Artherosclerosis is the underlying condition in which fatty deposits
develop on surfaces lining vessel walls. It is these deposits that can
lead to a thrombus, or blood clot. Cerebral thrombosis refers
to a thrombus that develops at the clogged part of the vessel.
In addition to artherosclerosis, clots can form as a result of atrial
fibrillation, a condition in which an irregular heartbeat
can allow clots to form in the heart, dislodge and travel to the
brain, resulting in what's known as cerebral embolism. Cerebral
embolism refers generally to a blood clot that forms at another
location in the circulatory system such as the heart and large
arteries of the upper chest and neck.

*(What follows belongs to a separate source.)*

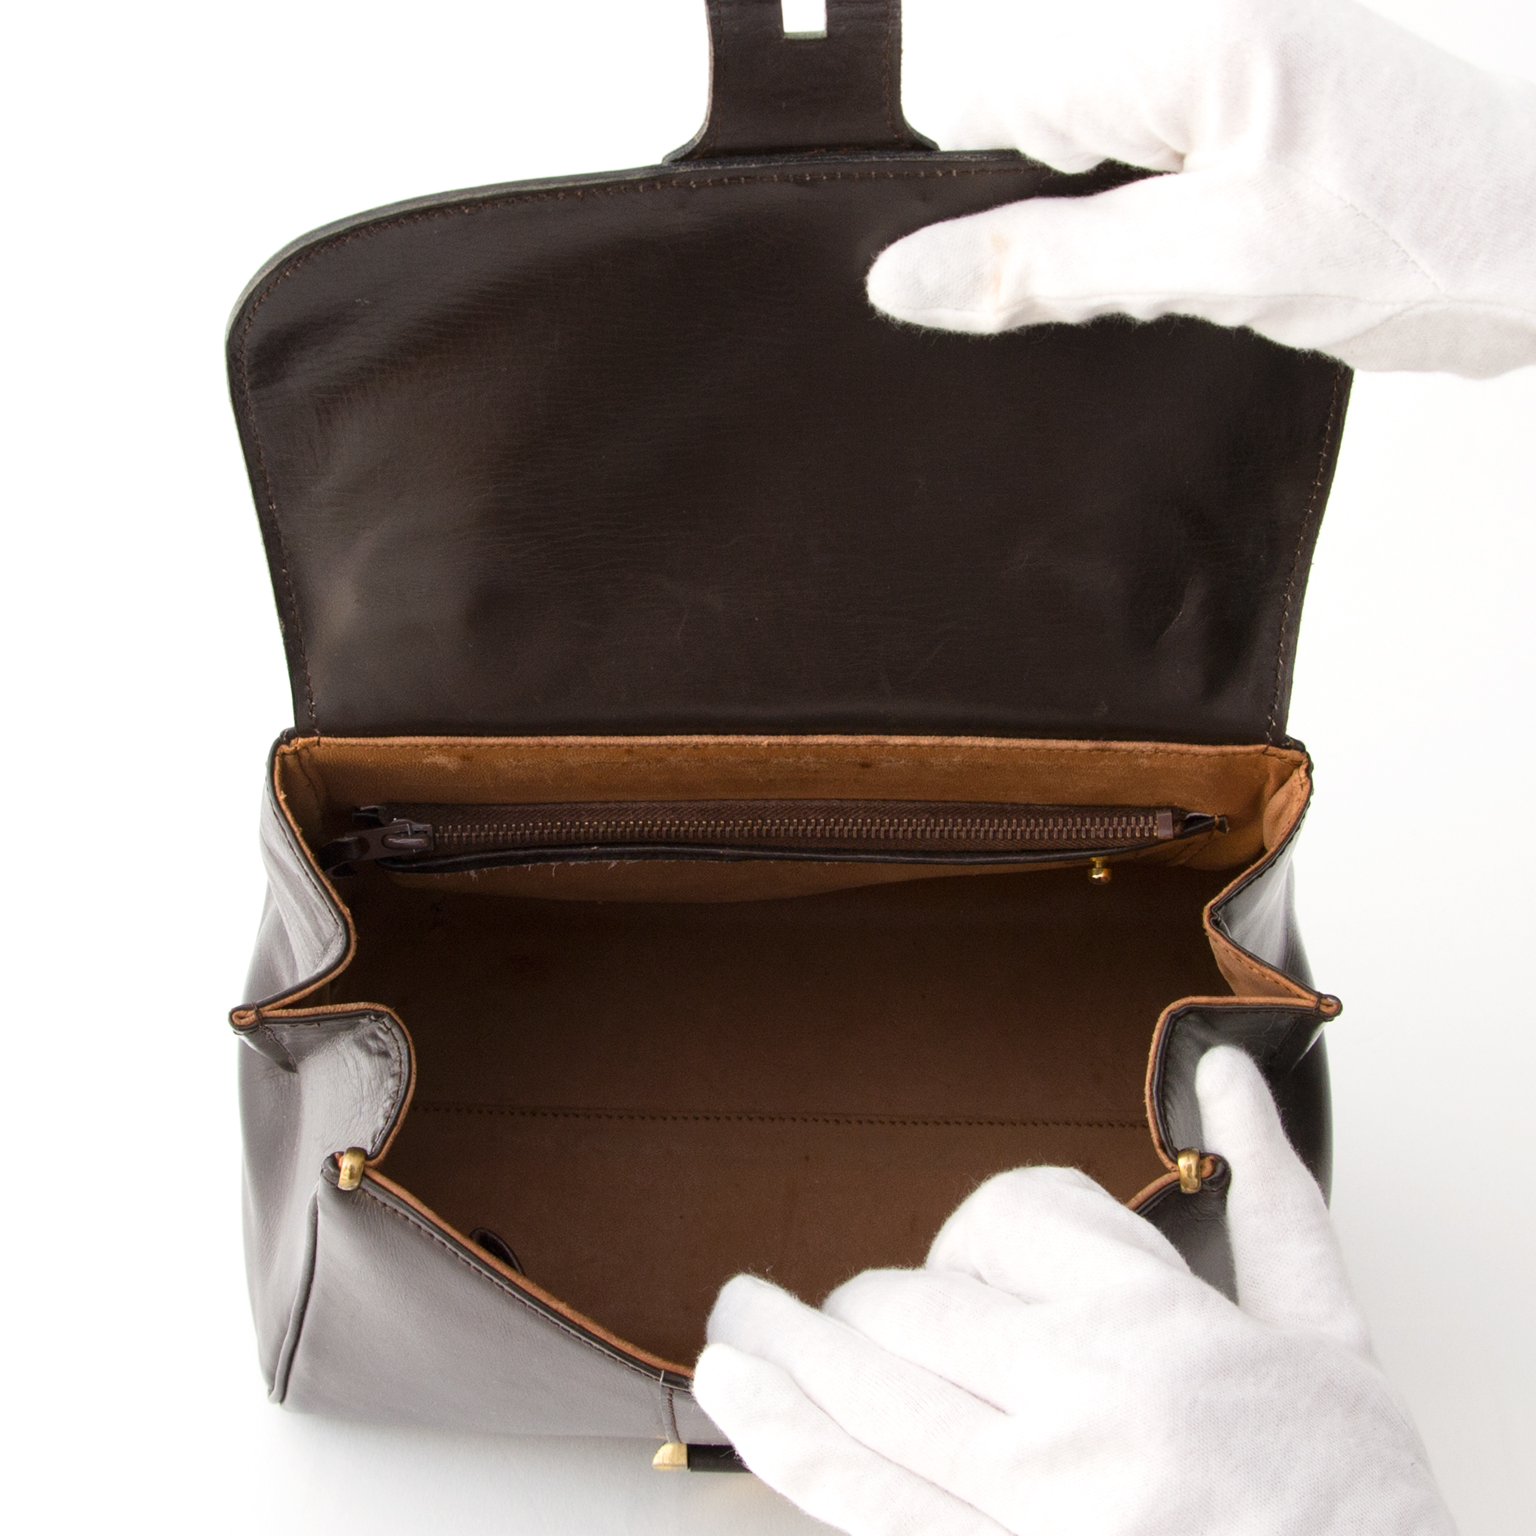 Delvaux Tempête Pm Leather Bag in Brown

A cerebral embolism occurs
when a portion of this clot dislodges and enters the bloodstream,
traveling through the vessels in the brain until it reaches vessels
too small to allow it to pass.1
Hemorrhagic strokes
Bleeding or hemorrhagic strokes are caused by ruptured blood vessels.
Hemorrhagic strokes are usually caused by two types of weakened blood
vessels: aneurysms and arteriovenous malformations (AVMs).

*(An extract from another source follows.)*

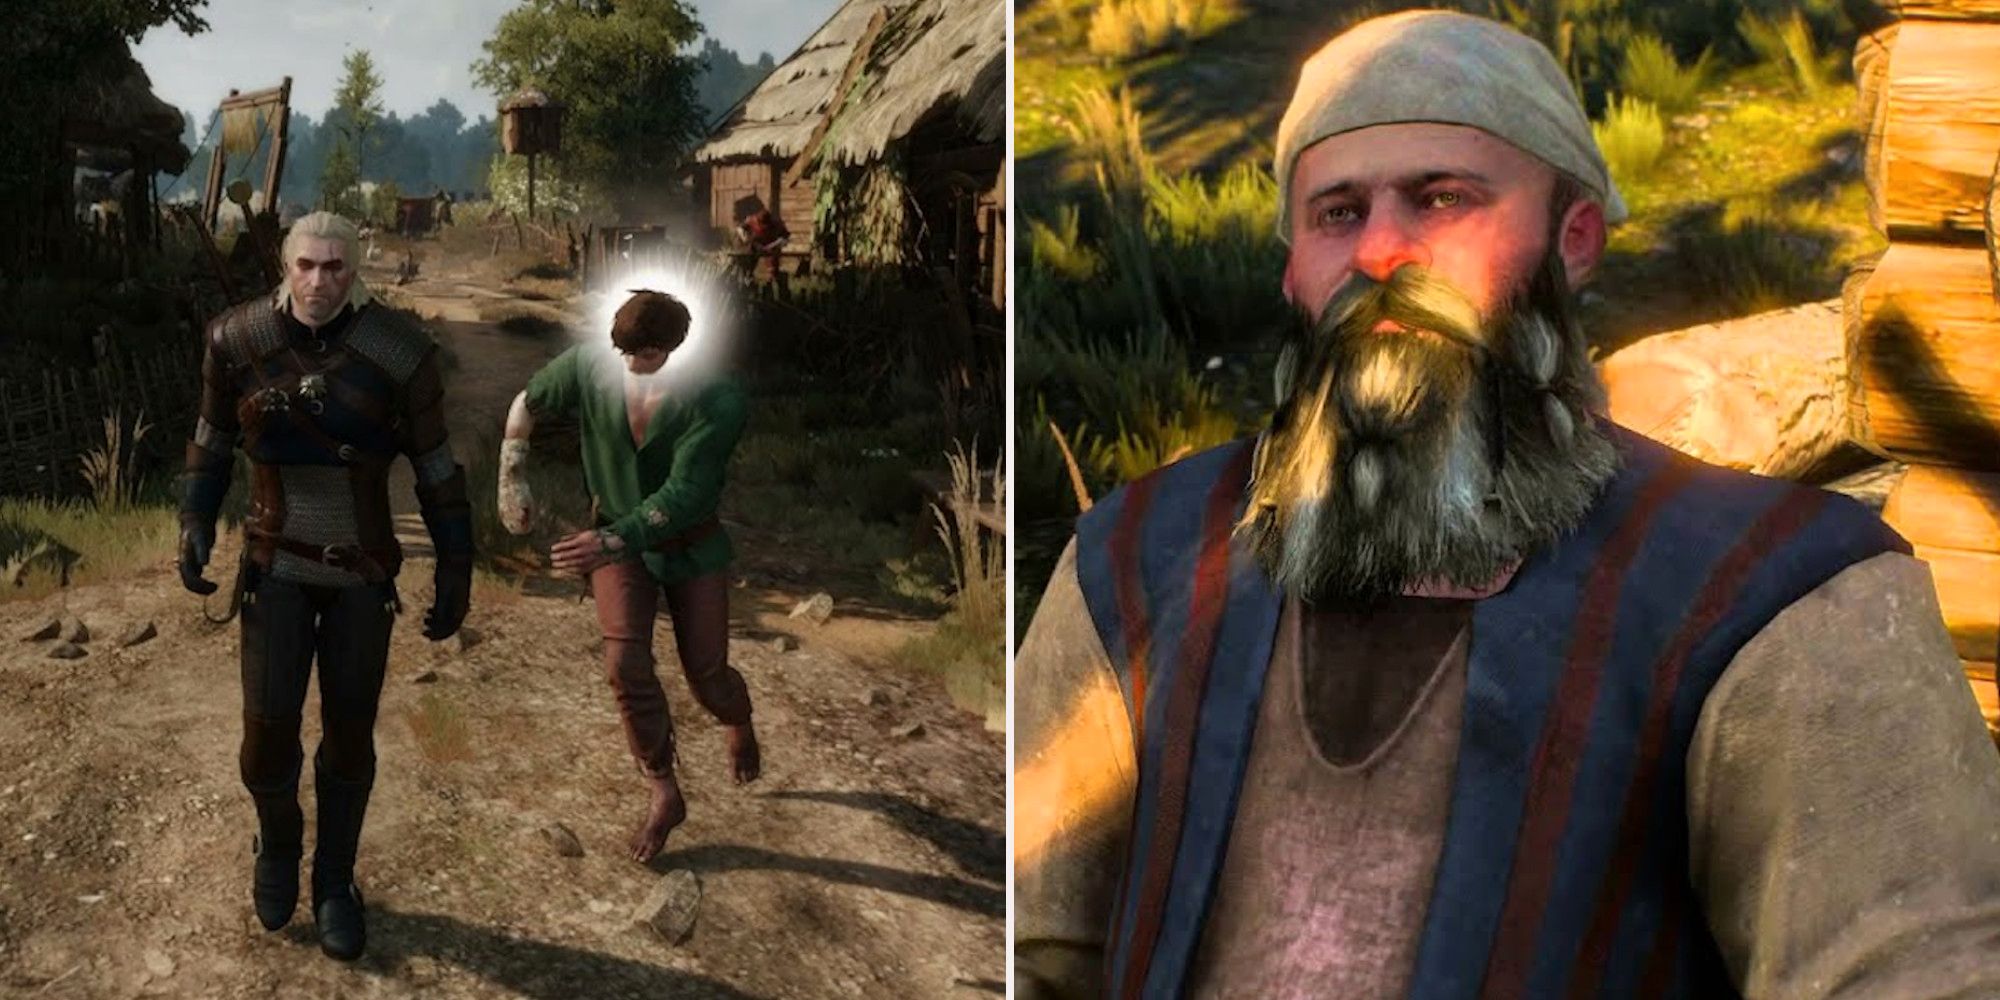 Twisted Firestarter Geralt Napp Wilis Dwarf blacksmith quest location walkthrough guide The Witcher 3

An aneurysm refers to a ballooning of a weakened region of a blood
vessel. If untreated, an aneurysm can continue to weaken until it ruptures
and bleeds into the brain.
A cluster of abnormally formed blood vessels, an arteriovenous malformation
(AVM) can also cause bleeding in the brain when one or more of the vessels
ruptures.
Transient ischemic attacks
A third type of stroke, transient ischemic attacks (or TIAs) are
minor or warning strokes. In a transient ischemic attack, typical stroke
signs develop and conditions indicative of an ischemic stroke are
present. In a transient ischemic attack, however, the obstruction occurs
for a short time and tends to resolve itself. Although symptoms
(see below) disappear after a short time, transient ischemic attacks are
strong indicators of a possible major stroke and immediate steps should
be taken to prevent a stroke.2
What are the risk factors for stroke?
Clinical research and study have identified several factors that increase
the risk of stroke. While most of these factors refer to lifestyle habits
that can be modified, treated or controlled, some factors cannot be changed.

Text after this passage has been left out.